NEW SCIENTIST -- June 1999

SIN'S CITY

Family planning in the Philippines has been driven underground: Fread Pearce Investigates

Nellie put on her platform shoes, tottered past the display of multicoloured condoms with animal heads, thanked me for one of the better tricks of the week and headed out again to sell her body in the Manila night. 
I went home to bed.

Our encounter was only an interview, held in the offices of ReachOut, a clinic for prostitutes in the Philippine capital. But it revealed much about why the country is turning into a demographic nightmare. Nellie told of a city where the mayor, has banned contraceptives from clinics. Of a country where the half-a-million abortions each year are all illegal- and where even the Muslim clergy are more liberal on family planning than the Catholics led by the aptly named Cardinal Sin, Archbishop of Manila.

'Women were encouraged to adopt family planning 
under the guise of helping them set up piggeries, 
onion fields and fish farms'

In October this year, the world's population hits 6 billion. With birth rates falling faster than ever in many countries, there is no need to panic. Except that in others: such as the Philippines, the traditional demographic model of birth rates declining as prosperity and female literacy grow is not working. The Philippines has a fertility rate of 3.8 children per woman. That is higher than Bangladesh, even though its average earnings are three times as high and its female illiteracy levels twelve times lower.

What went wrong? The Catholic Church for one thing. From the pulpits and the nation's tabloid press, church leaders inveigh against contraceptives. They inspire real fear among politicians. The church under Cardinal Sin helped push out Ferdinand Marcos 13 years ago, and has flexed its muscles ever since. The current president, Joseph Estrada, once a supporter of family planning, courts church support by extolling large families on the grounds that he was an eighth child. The UN Population Fund has spent more than half a billion dollars on contraception in the Philippines in the past two decades. But such is the church's hostility that it is now planning to pull out of more than half of the 21 provinces.

Family planning is an underground movement here.
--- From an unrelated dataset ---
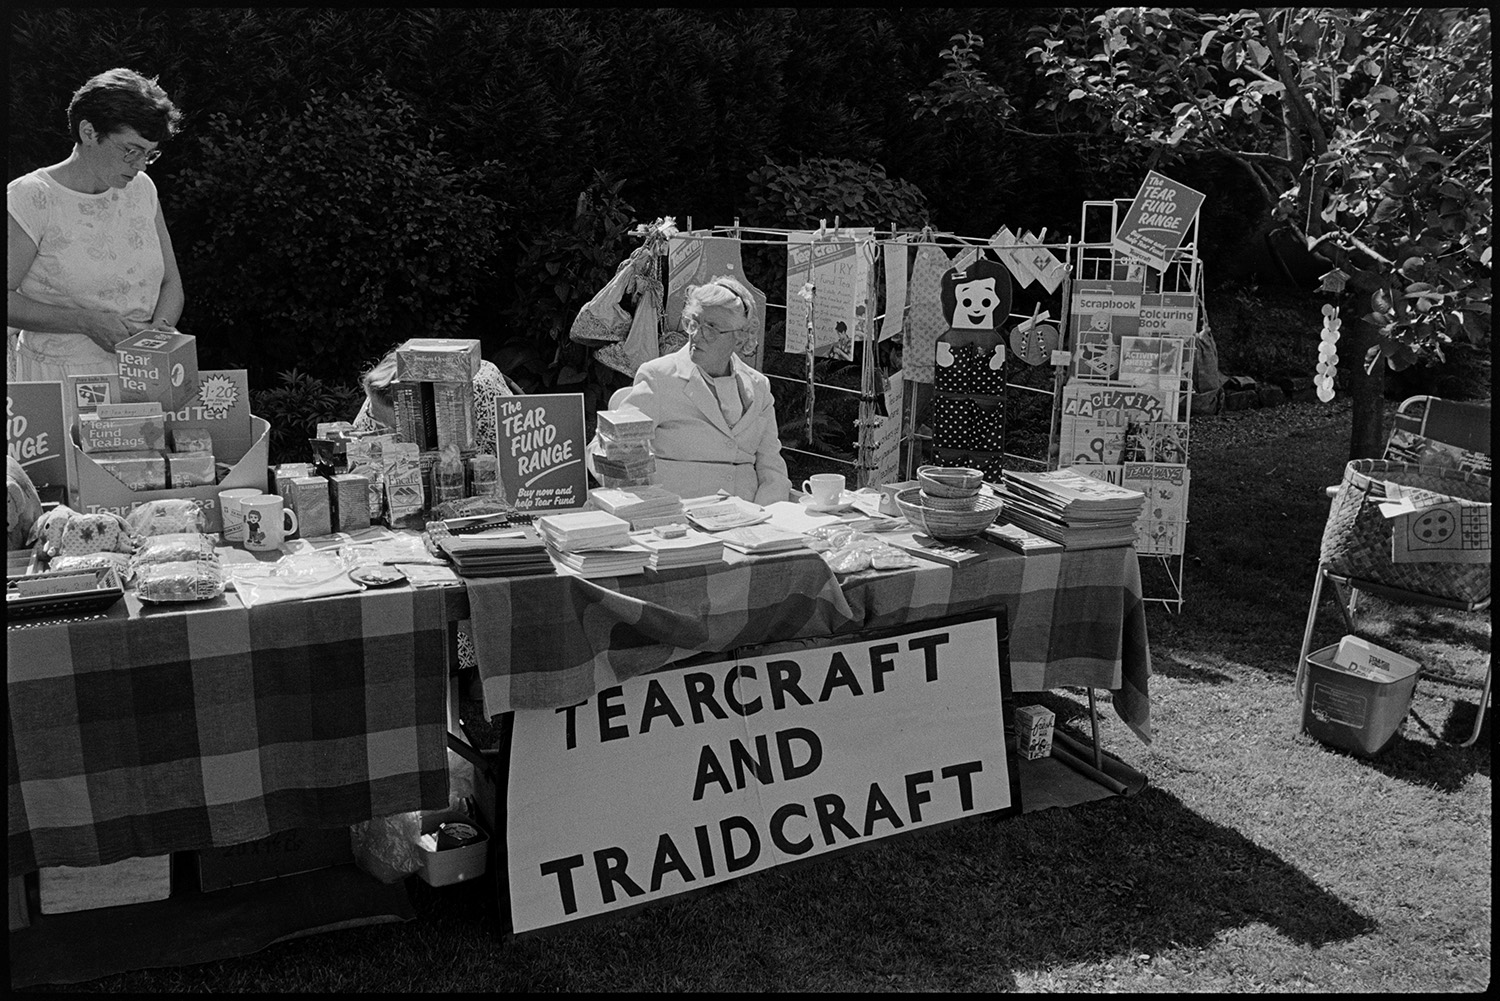 Vicarage fete, garden party people sitting at table with tea and cakes, women chatting. 
[Two women running a Tearcraft and Traidcraft stall at Kings Nympton vicarage fete. Various items are for sale including tea, mugs, books and baskets.]

Its practitioners adopt many disguises. "Reproductive health" clinics are the most obvious. Then there are lunchtime staff training programmes, adolescent clubs and discussion groups for rickshaw riders. Last month, I visited an agricultural development programme that encouraged women to adopt family planning under the guise of helping them set up piggeries, onion fields and fish farms.

The national government spends not a cent on contraceptives. And local officials often harass those who do-the foreign aid agencies and local activists. People such as Junice Melgar. She supplies the Manila shanty town of Apelo from a tiny clinic on a former garbage dump, sandwiched between a sewage-filled canal, a rusting store for liquefied gas and a big new fundamentalist pro-life church. In this world of dank alleyways and garbage scavengers, monogamy is a myth, marriage is rare and abortion is rife. Here sterilisation and injectables are the contraceptives of choice for women, because their men will never know.

Aurora Silayan-Go runs the Foundation for Adolescent Development, a euphemism for providing youngsters with contraceptives and advice on sex and health. At a teen club in the town of Cavite, she told me: "Because this is a club- you can play chess here- it is easy for kids to come without being seen by their parents going to a clinic."

The need for such centres is urgent. A fifth of 15 to 24-year-old girls in the Philippines have had an abortion. Every health worker I spoke to agreed that back- street abortions were killing thousands of women every year. They all wanted it legalised. But none of them would speak up for it for fear of the attacks on their organisation that would follow.

But times may change. I met Benjamin Martinez, mayor of Balayan, a poor church-dominated market town south of Manila. He is a classic product of macho, nepotistic Philippines politics. He was shoe-horned into the job at the age of 27 when his father, the incumbent, dropped dead six weeks before polling. His brother is the town's head priest and opposes all "artificial" family planning. So does the provincial governor, his father-in-law.

Yet Martinez chose to spend his mayor's development fund- a big slab of municipal revenue normally earmarked for highly visible infrastructure projects contracted to the mayor's favourite companies- on "reproductive health" clinics and a cadre of some 500 health volunteers.

The services are in such demand that many women health volunteers are themselves now winning elections to neighbourhood councils. "Reproductive health is a political gold mine," says Martinez. "I may run for Congress next." President one day? He smiles a politician's smile. First he will have to get past Cardinal Sin.

Meanwhile back at the ReachOut centre in Manila, they are restocking their shelves with bizarrely shaped condoms in a city where neither prostitutes such as Nellie nor abortions officially exist. Where 12-year-old boys and girls down the street sell themselves at a flower stall under the eyes of a police-run protection racket. And where the clinic's latest client is a 19-year-old girl in her fifth pregnancy. This really is Sin's City.